# step retraction and habitation power



## turner53 (Dec 11, 2006)

Hi all,
we have a Ace Roma and just notice recently our step wont retract when the engine is turned on (fine with swith) and just to add insult to injury our habitation electrics stay on with engine on, when they used to turn off.
we checked fuses under the bonnet and I found a 20amp fuse blown under the centre black cover (it was the lower one under clear cover) changed it but still no luck.

so questions are :-

are both problems connected also how to sort both problems ?
is it a relay and where is it ?
what was that fuse for as I've not noticed anything missing or suddenly come back ?

Ive no doubt someone out here will have the answers to my problems
cheers


----------



## Sargent (Feb 1, 2008)

Hi Turner53, I believe both points are related, there are two relays mounted under the bonnet next to the fuses you have checked, one is for the fridge and the other is the split charging.
I would check both of these, if you simply swap one for the other then the fault should swap, but it may be that the fridge one (wire colour red/yellow) has stuck and by swapping it may temporarily clear the problem, but only to happen again at a later time?

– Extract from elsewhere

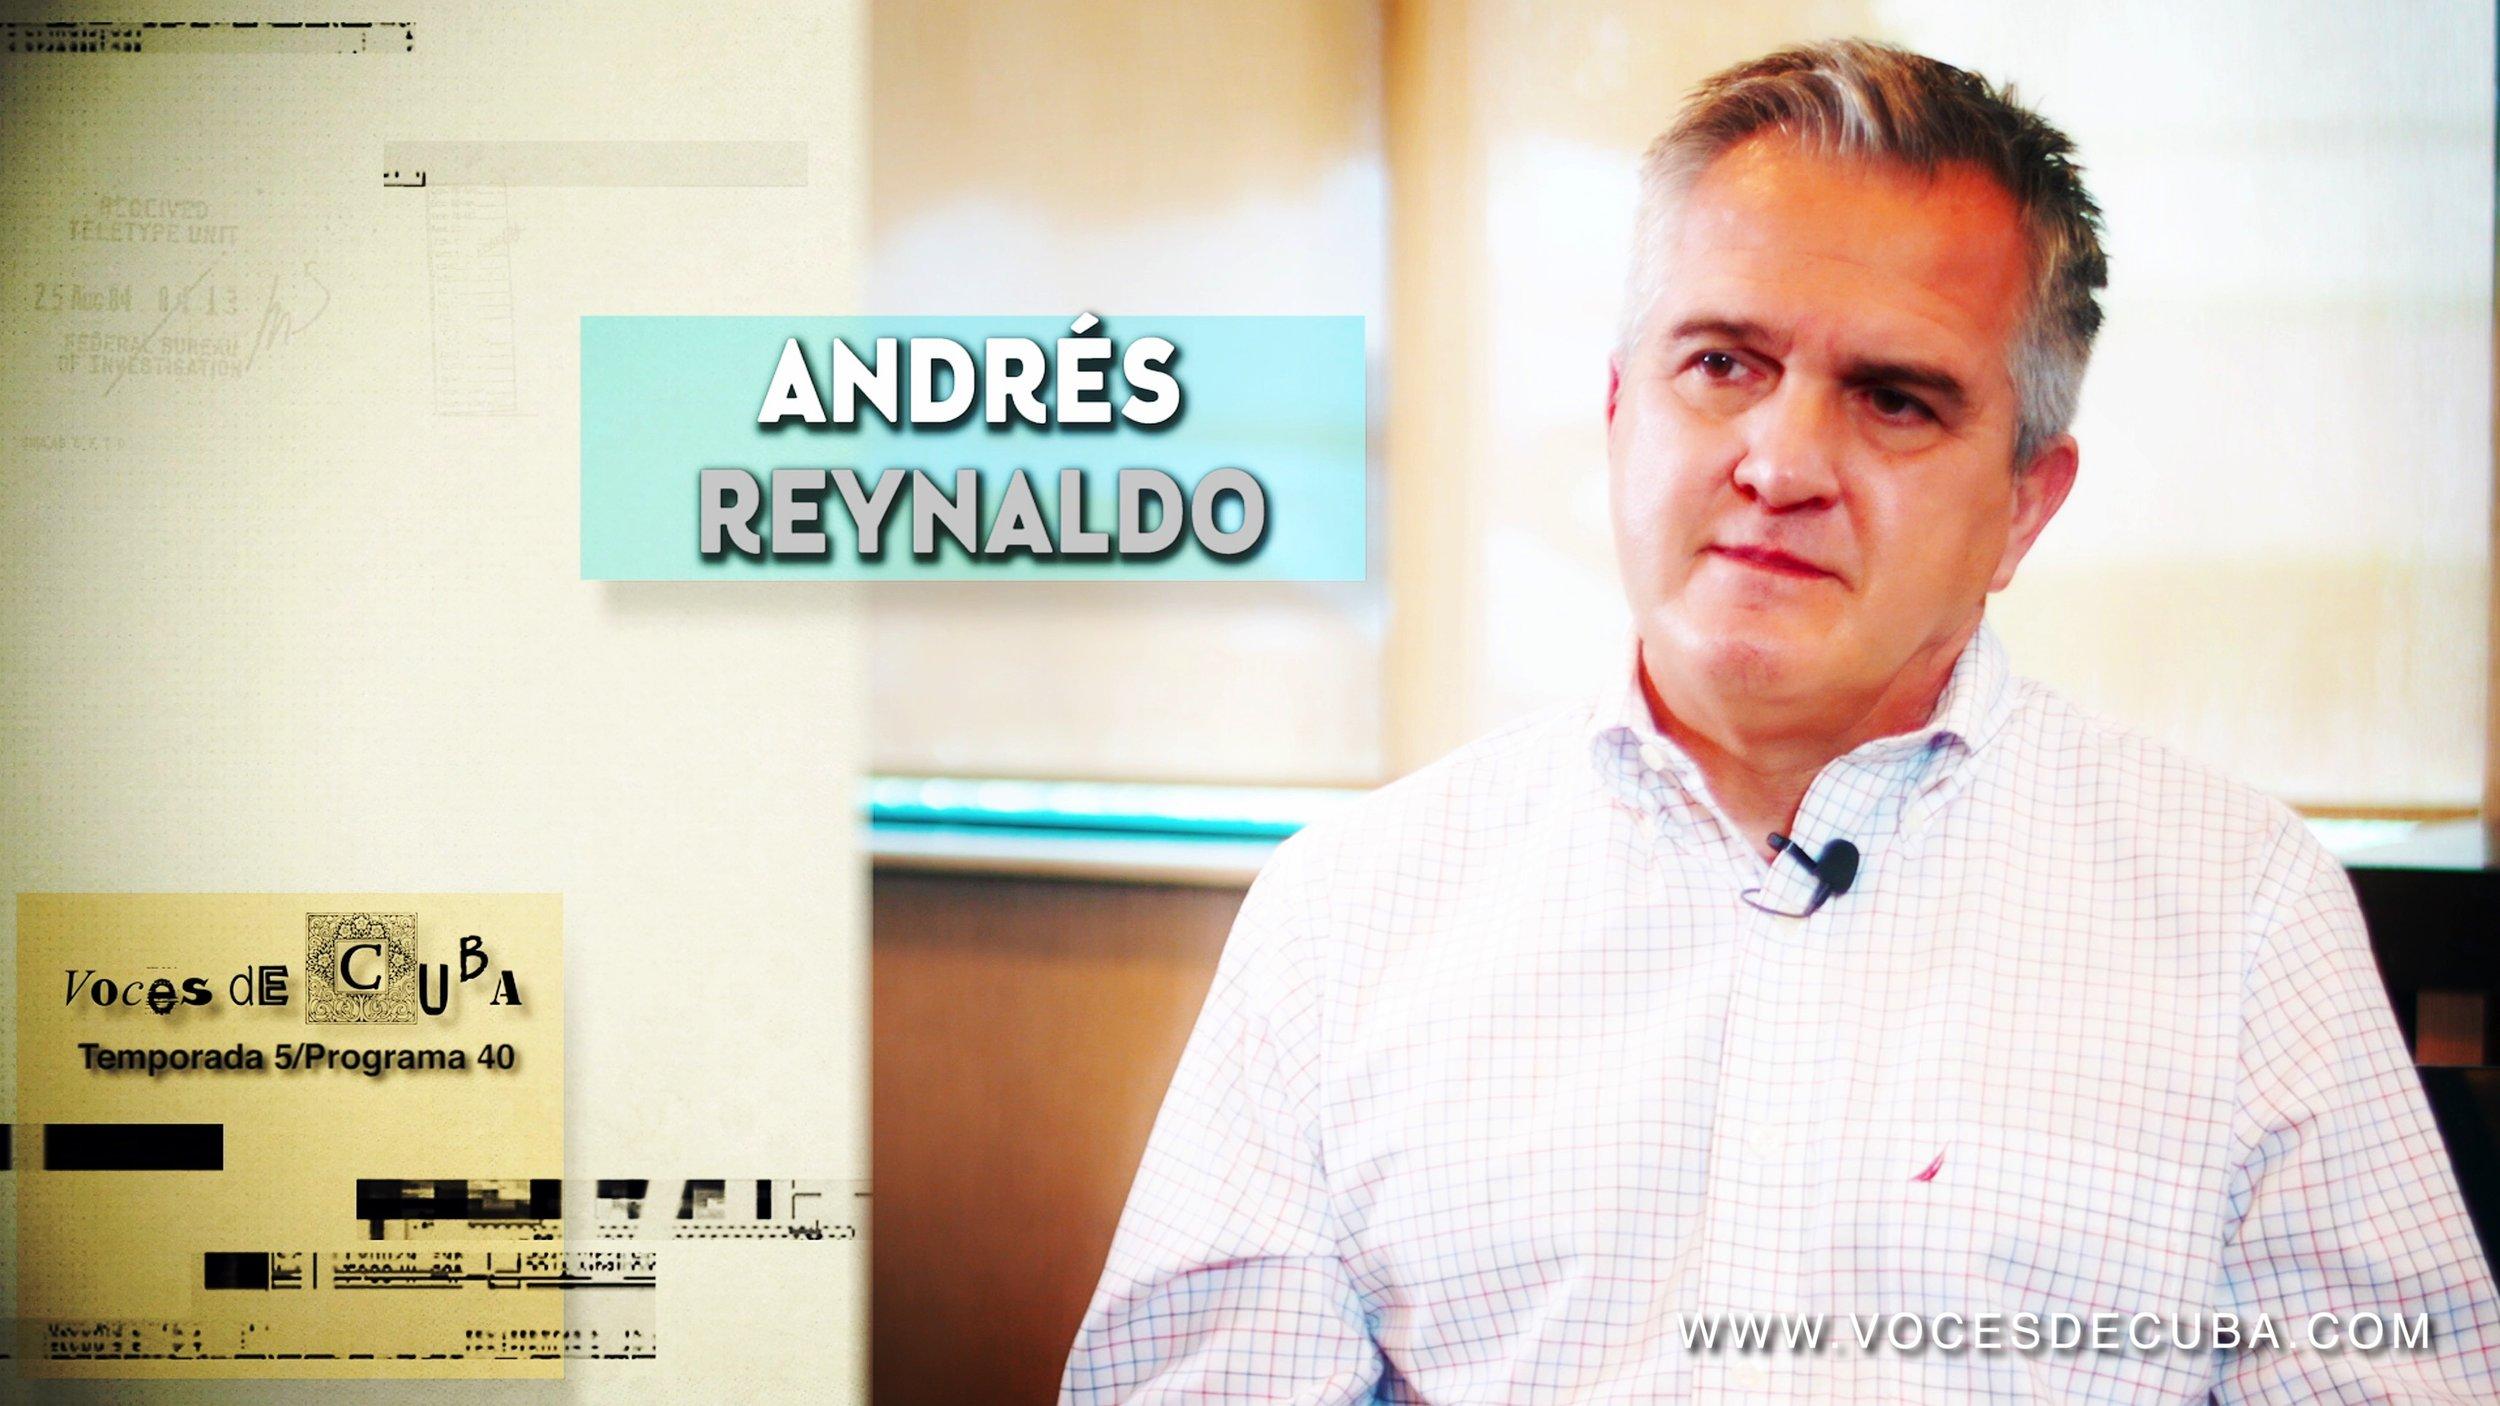 ANDRÉS REYNALDO 01.jpg

If the relay sticks and then you try to start the engine then the two batteries can be connected together and some current is pulled from the leisure battery resulting in the fuse blowing.

One final thing is to check the blue wire on the relays is only live when the engine is "running" and not when the ignition is on?

I hope this helps?

Best regards

Ian S


----------



## turner53 (Dec 11, 2006)

Cheers Ian for your reply
I will have a look when I'm on a day off next


----------



## Ozzyjohn (Sep 3, 2007)

Hi,

There may be another possibility for the failure of the automatic step retraction (if it is anything like our Omnistep). Ours stopped retracting so I spent an age checking fuses and relays without success. To cut a long story short, there is a switch which should be activated when the step is fully retracted - but this had become stuck in the "step closed" position. The closed switch was telling the retraction circuit that it's work was done even though the step was still out. The step could still be closed with the manual switch. Cleaning the switch under the motorhome cured the problem - it had become stuck on a winter trip to Scotland - lots of grit and sludge on the roads hitting the exposed switch had caused the problem for me.

Good luck.

Regards,
John


----------



## turner53 (Dec 11, 2006)

hi all update time....
checked relays they both seem to be fine, moving them made no difference. even took the cover off and watched it click closed. checked blue wire thats fine, power with engine on.
cleaned step switch a few times now hoping it was that, the switch moves freely and comes out no problem when step opened.
any more ideas please
cheers


----------



## turner53 (Dec 11, 2006)

Hi all update time part 2....

I've sorted it.... yipeee.
the problem was the yellow/red wire when traced back towards alternator comes to a joiner. This joiner appears to have melted a little causing connection to be lost. It took ages to part the joiner and clean them up but after it works fine. When i've got time I will rejoin with new connectors.
The only question I've got is should this wire get warm/hot because it does. 
Maybe its only the poor connection at the moment causing the heat but will check with fresh joiners.
Any advice would be great 
Cheers


----------



## Sargent (Feb 1, 2008)

Hi Turner53, I am glad you have found the problem. If the connector (joiner) is high resistance i.e. a poor connection then this will cause heat which can travel down the wire for some distance, usually around 150mm (6 inch)
If the connector can or has got wet then this can be a cause of the high resistance in the first place, may be worth looking to see how it is routed through the engine compartment or elsewhere and if possible moving it to avoid the water.

Best regards

Ian S


----------



## turner53 (Dec 11, 2006)

Hi all,
its now fixed with new joiner which has stopped the extra heat in cable. Simple when you find the problem.
Big thanks to Ian S for your help.
cheers


----------